Creating DataFrame in Java based on ByteArrayInputStream

350 Views Asked by At

I need to convert following to Spark DataFrame in Java with the saving of the structure according to the avro schema. And then I'm going to write it to s3 based on this avro structure.

GenericRecord r = new GenericData.Record(inAvroSchema);
r.put("id", "1");
r.put("cnt", 111);

Schema enumTest =
        SchemaBuilder.enumeration("name1")
                .namespace("com.name")
                .symbols("s1", "s2");

GenericData.EnumSymbol symbol = new GenericData.EnumSymbol(enumTest, "s1");

r.put("type", symbol);

ByteArrayOutputStream bao = new ByteArrayOutputStream();
GenericDatumWriter<GenericRecord> w = new GenericDatumWriter<>(inAvroSchema);

Encoder e = EncoderFactory.get().jsonEncoder(inAvroSchema, bao);
w.write(r, e);
e.flush();

I can create the object based on JSON structure

  Object o = reader.read(null, DecoderFactory.get().jsonDecoder(inAvroSchema, new ByteArrayInputStream(bao.toByteArray())));

But maybe there is any way to create DataFrame based on ByteArrayInputStream(bao.toByteArray())?

Thanks

1

There are 1 best solutions below

2
andreoss On

No, you have to use a Data Source to read Avro data.

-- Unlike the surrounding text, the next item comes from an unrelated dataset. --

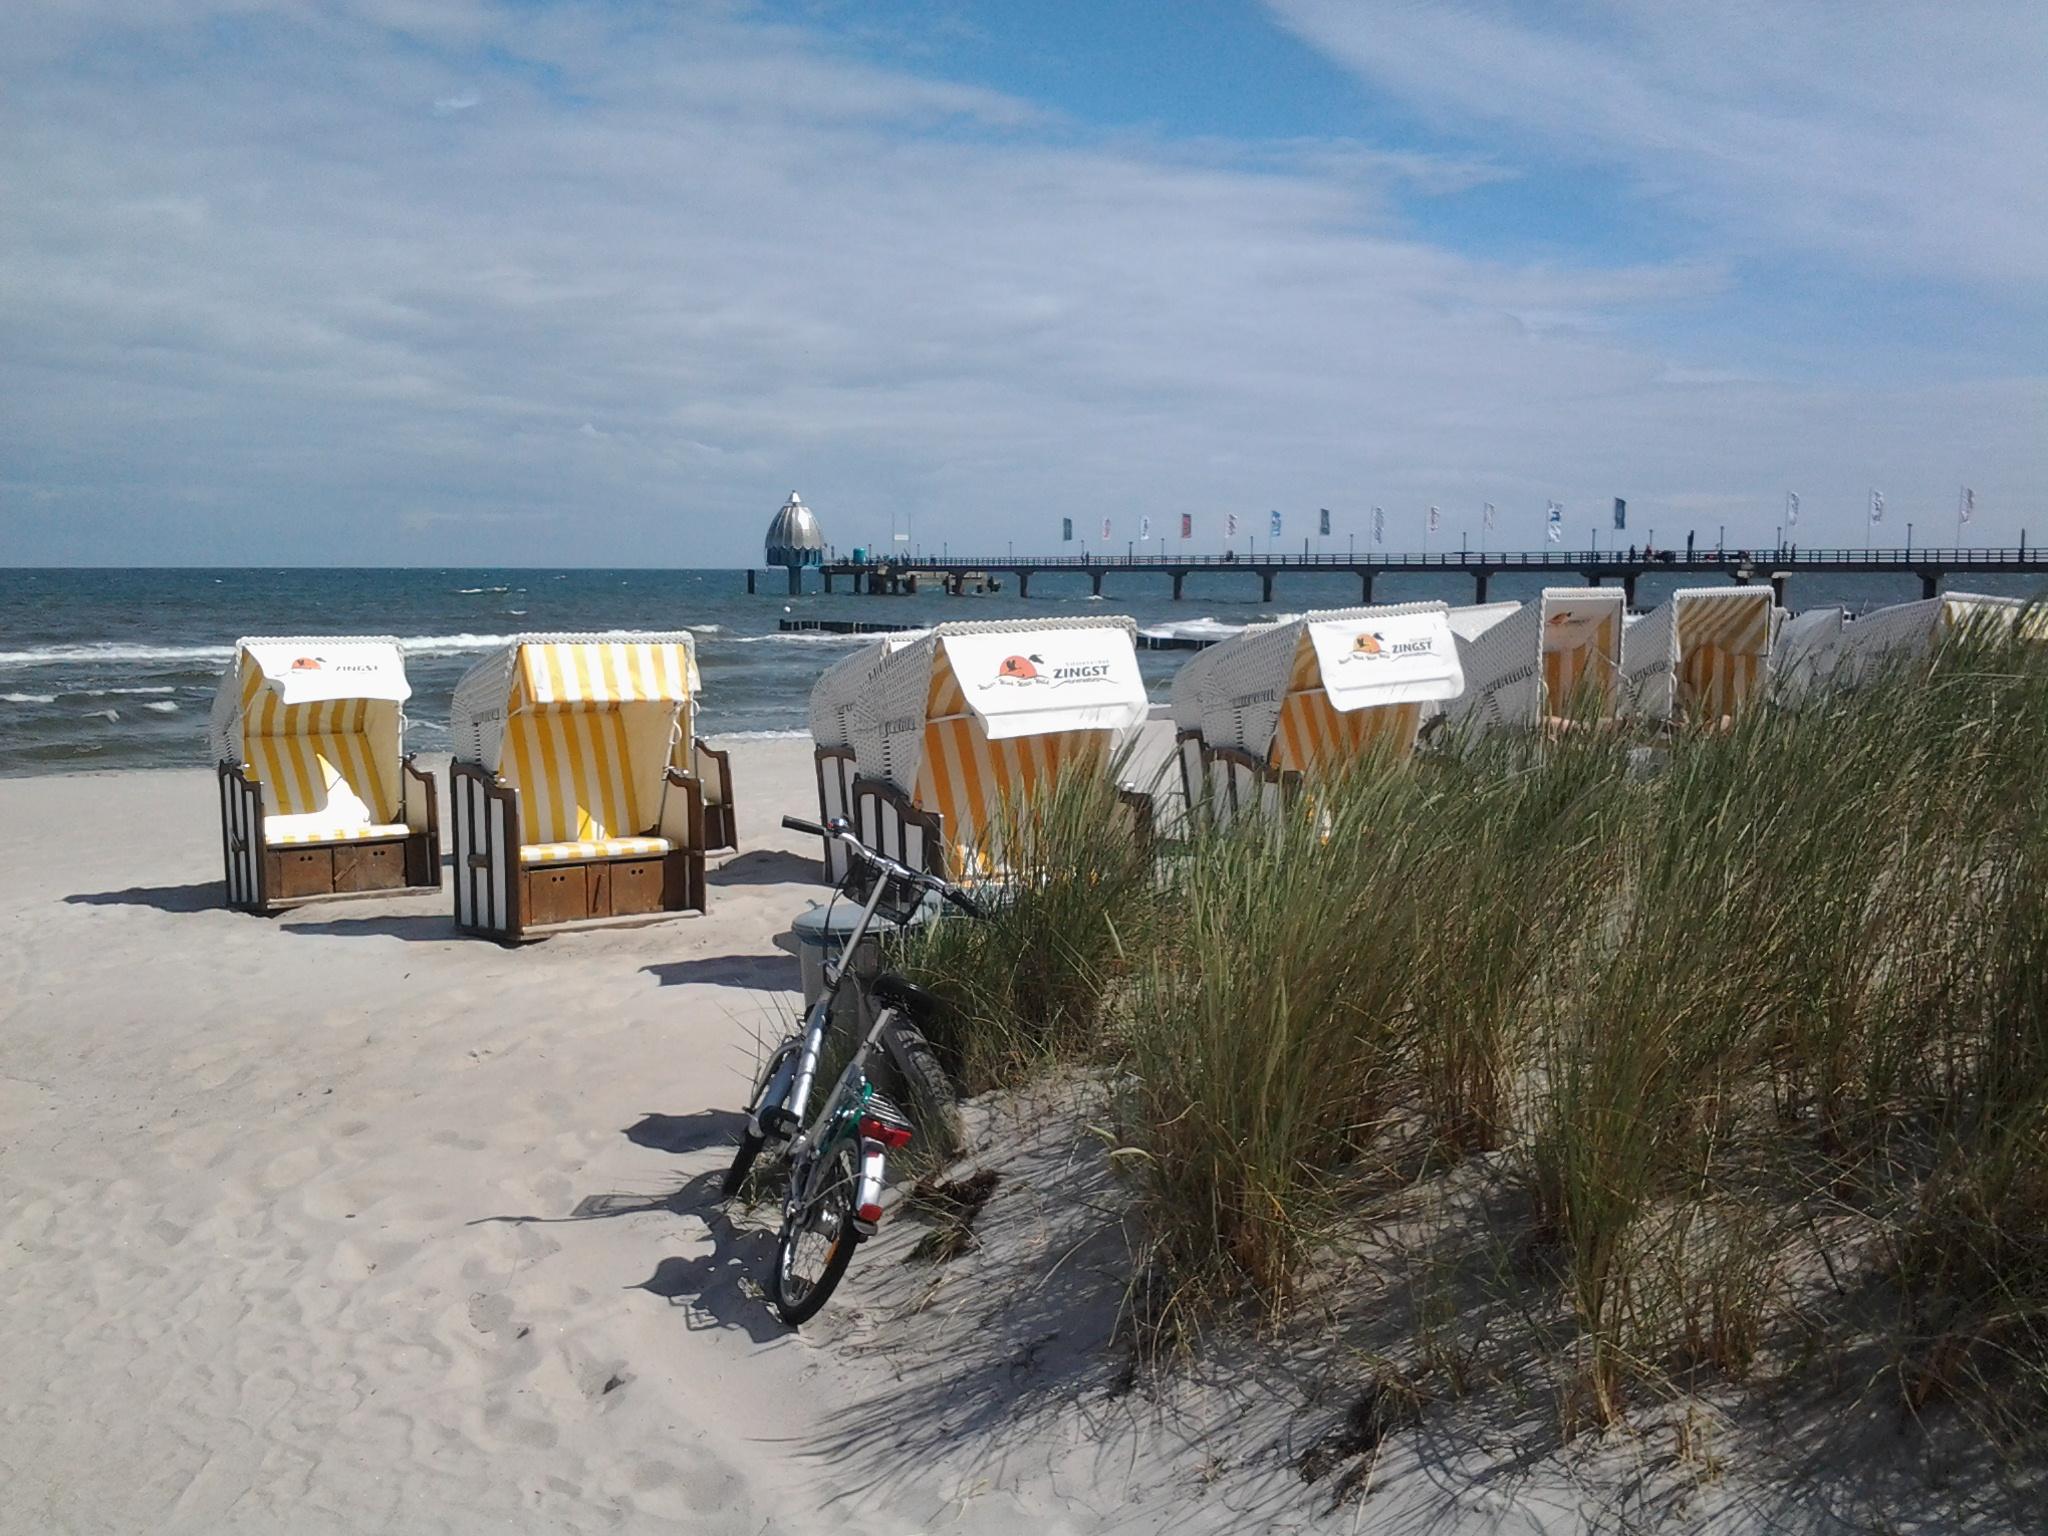 Ferienresidenz Zingst Am Strand Ferienwohnung In Zingst

And it's crutial for Spark to read Avro as files from filesystem, because many optimizations and features depend on it (such as compression and partitioning). You have to add spark-avro (unless you are above 2.4). Note that EnumType you are using will be String in Spark's Dataset

Also see this: Spark: Read an inputStream instead of File

Alternatively you can consider deploying a bunch of tasks with SparkContext#parallelize and reading/writing the files explicitly by DatumReader/DatumWriter.